** Opening Data block **

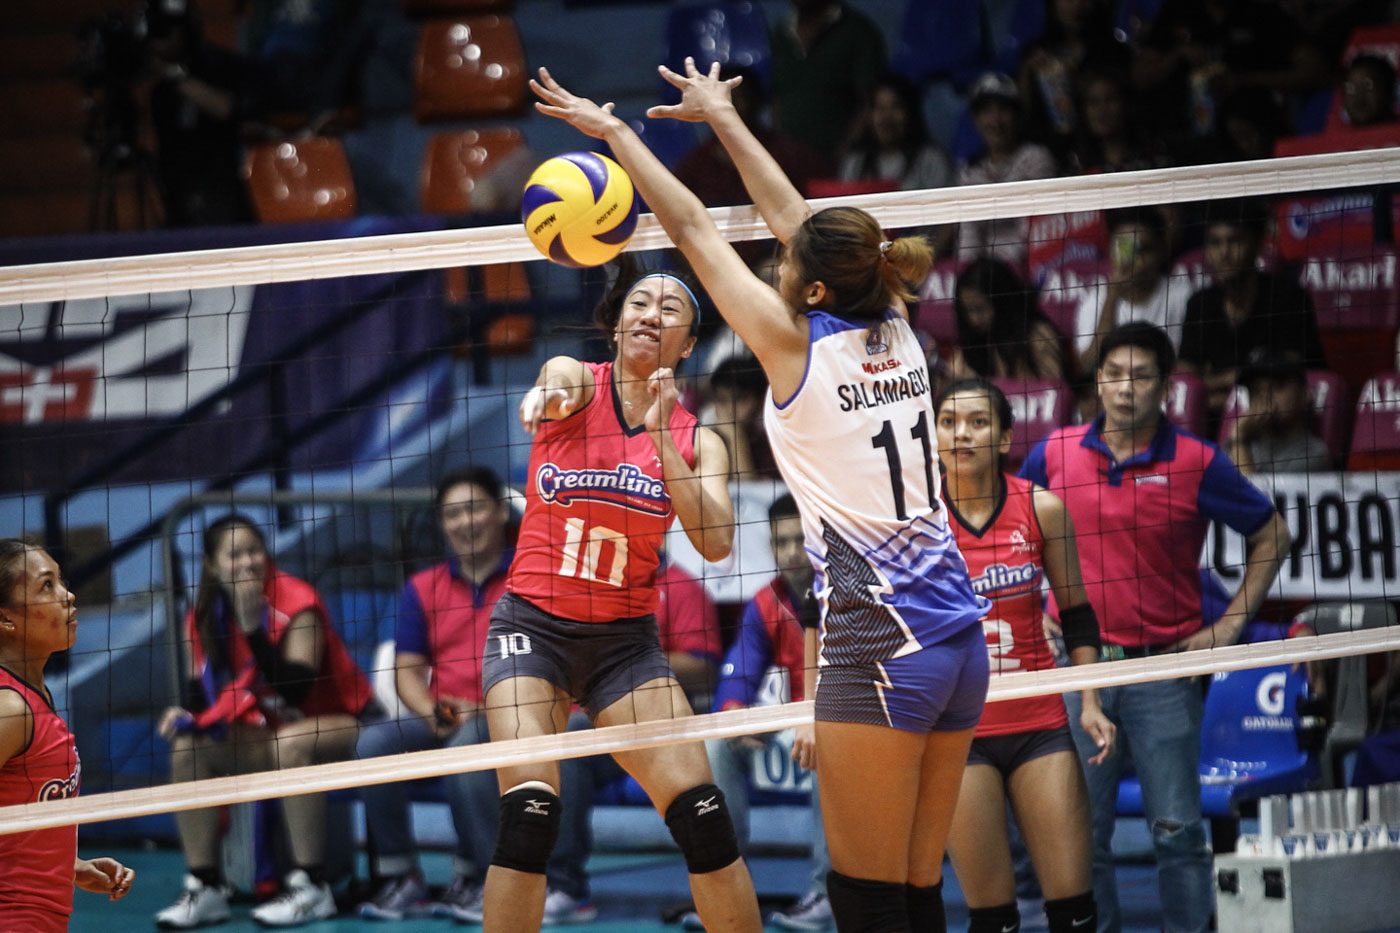 Creamline completes first-round sweep; Army ends dry spell
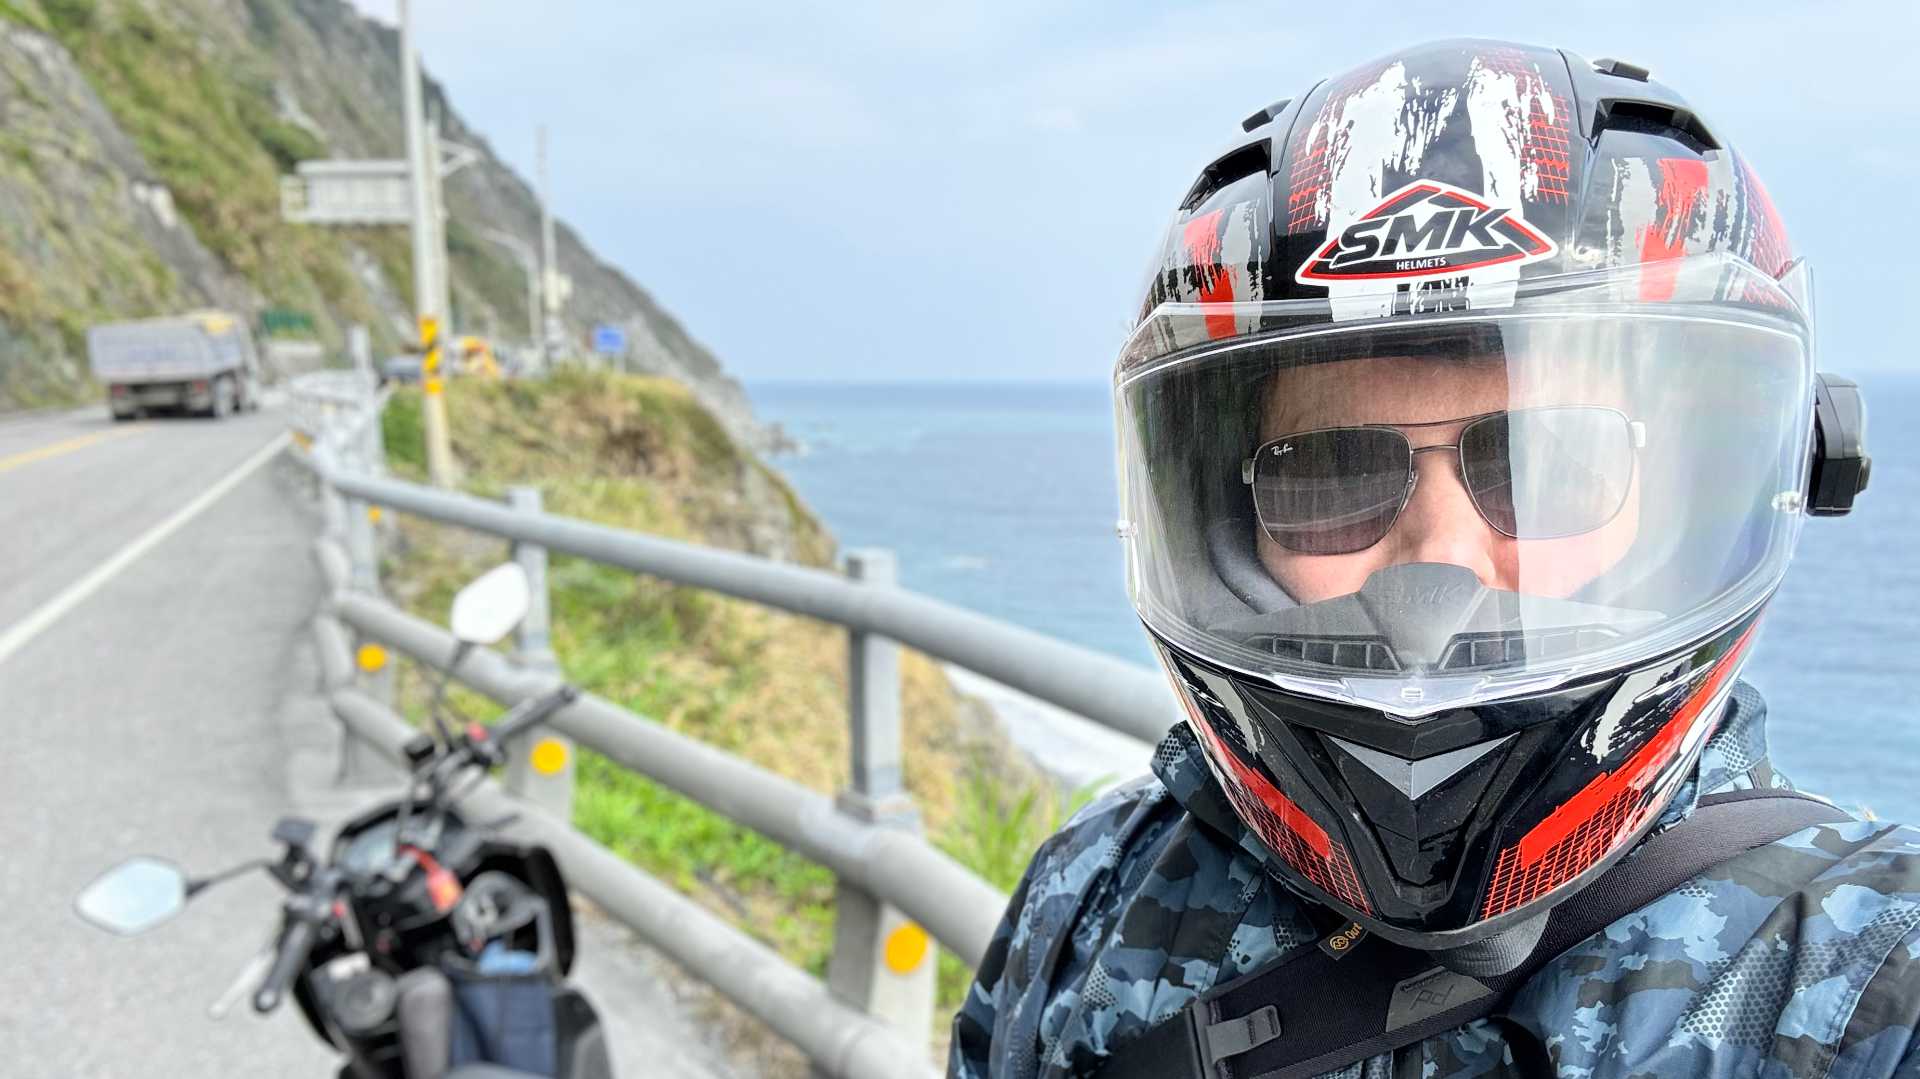 A selfie of the author, Zhen-Kang, in front of a motorcycle, on a two-lane mountain road overlooking the Philippine Sea. Zhen-Kang is wearing sunglasses and a motorcycle helmet.
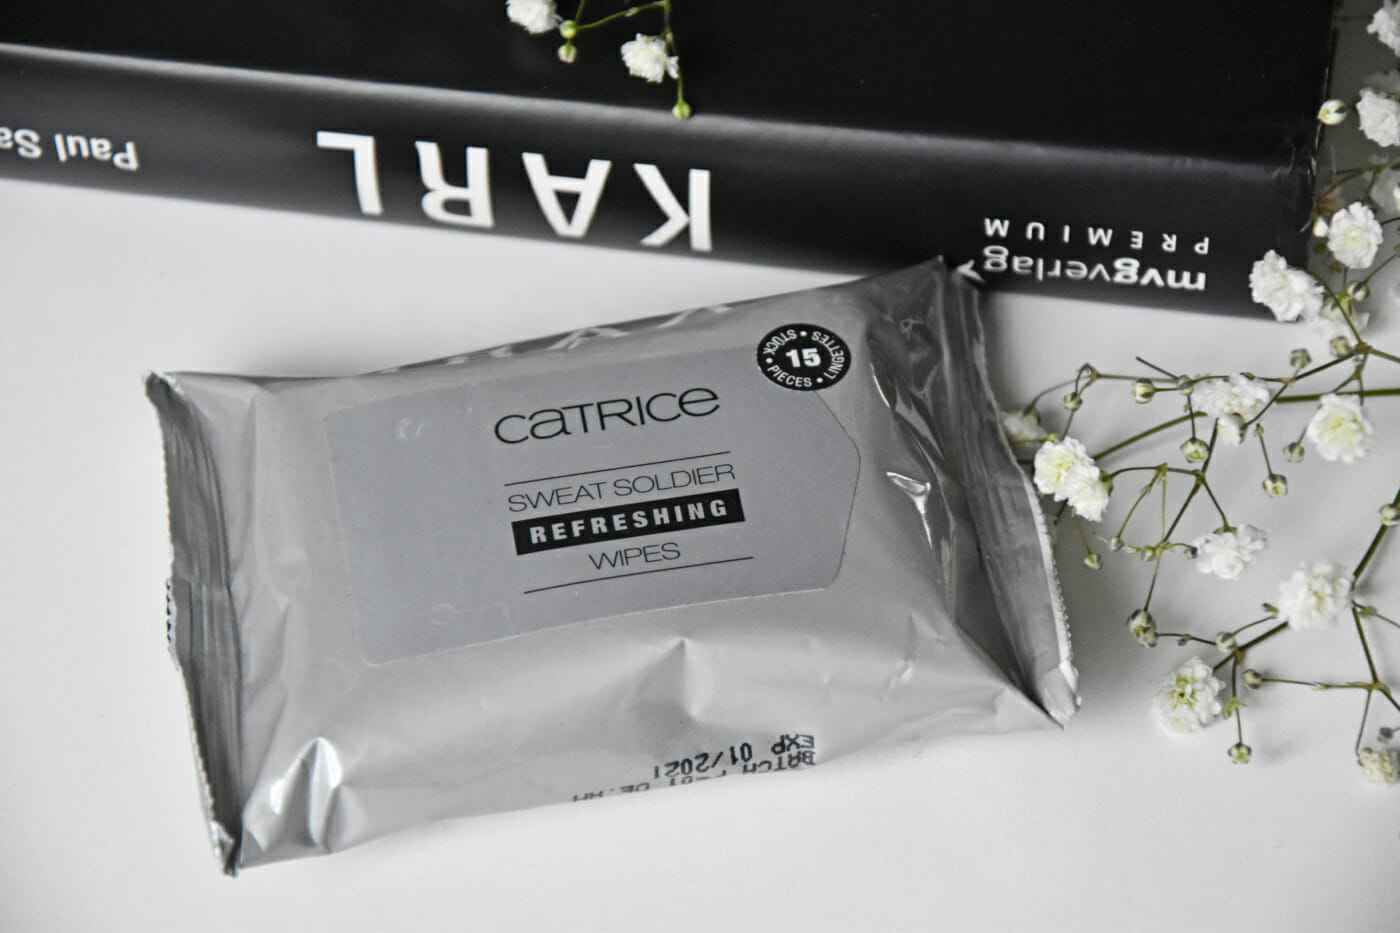 Catrice Sweat Soldier Refreshing Wipes
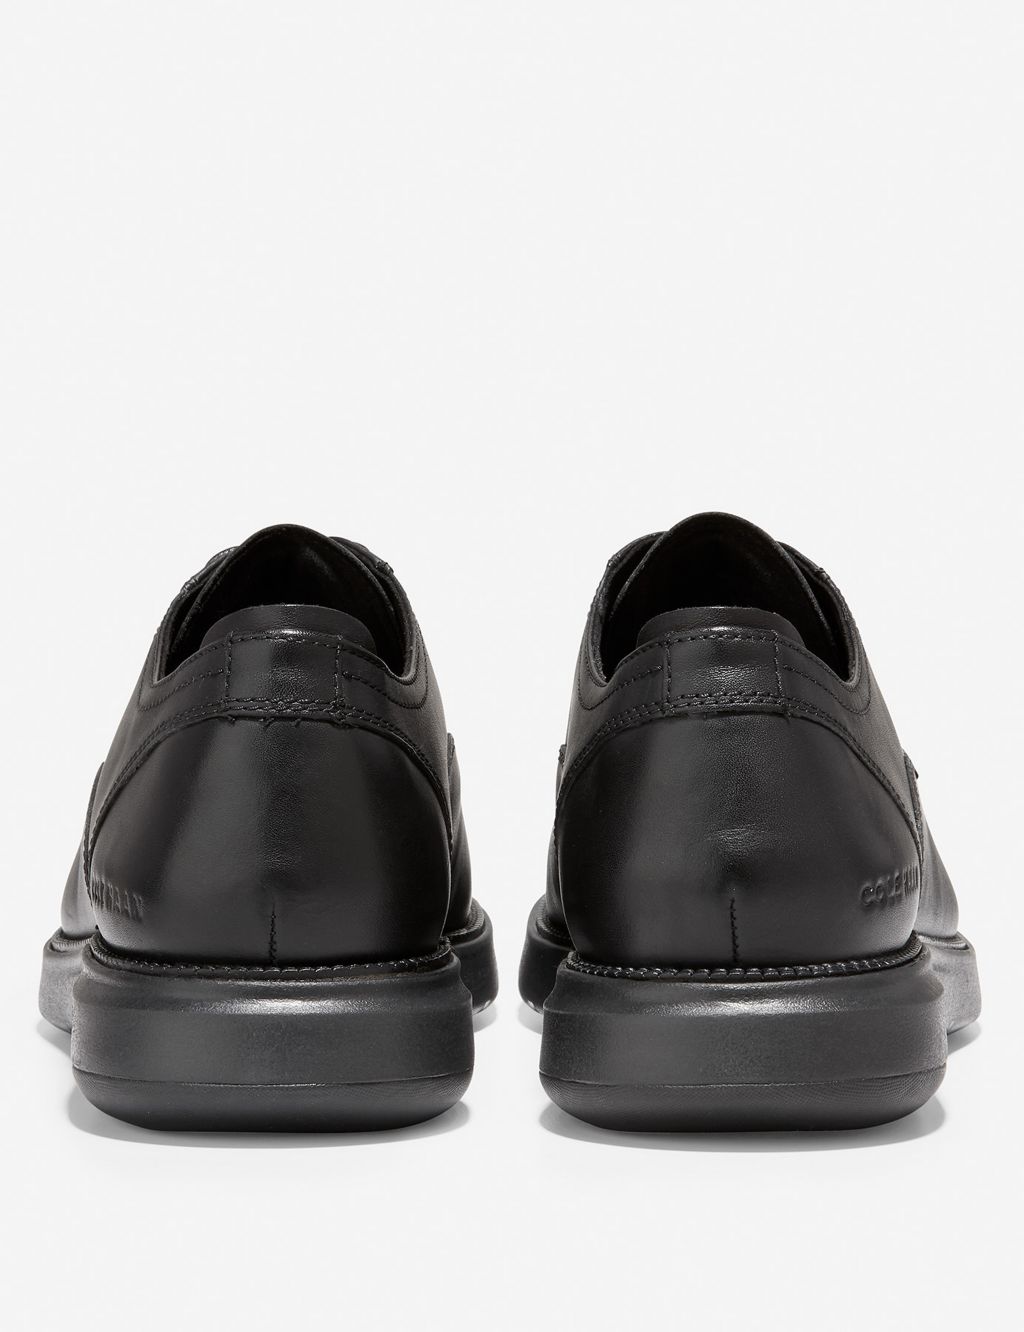 Grand Atlantic Wide Fit Leather Oxford Shoes image 4
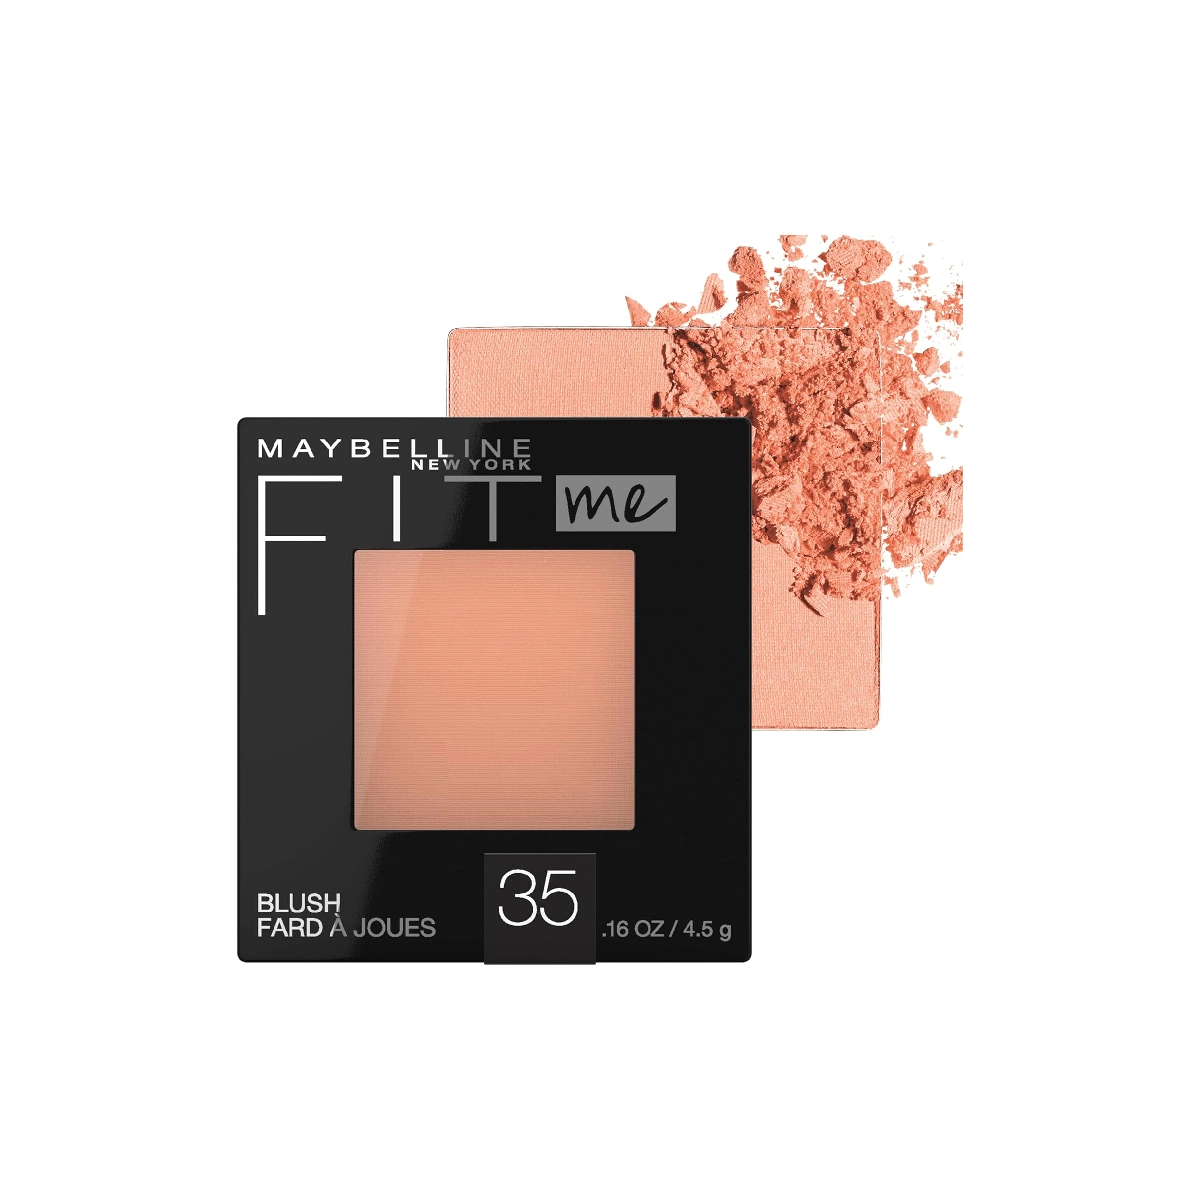 Maybelline Fit Me Blush - blush compact against a white background

** Closing Data block **

## Task item:
Could the entries above be written out word for word, with no pictures?

## Response to the task:
 Creamline completes first-round sweep; Army ends dry spell
 A selfie of the author, Zhen-Kang, in front of a motorcycle, on a two-lane mountain road overlooking the Philippine Sea. Zhen-Kang is wearing sunglasses and a motorcycle helmet.
 Catrice Sweat Soldier Refreshing Wipes
 Grand Atlantic Wide Fit Leather Oxford Shoes image 4
 Maybelline Fit Me Blush - blush compact against a white background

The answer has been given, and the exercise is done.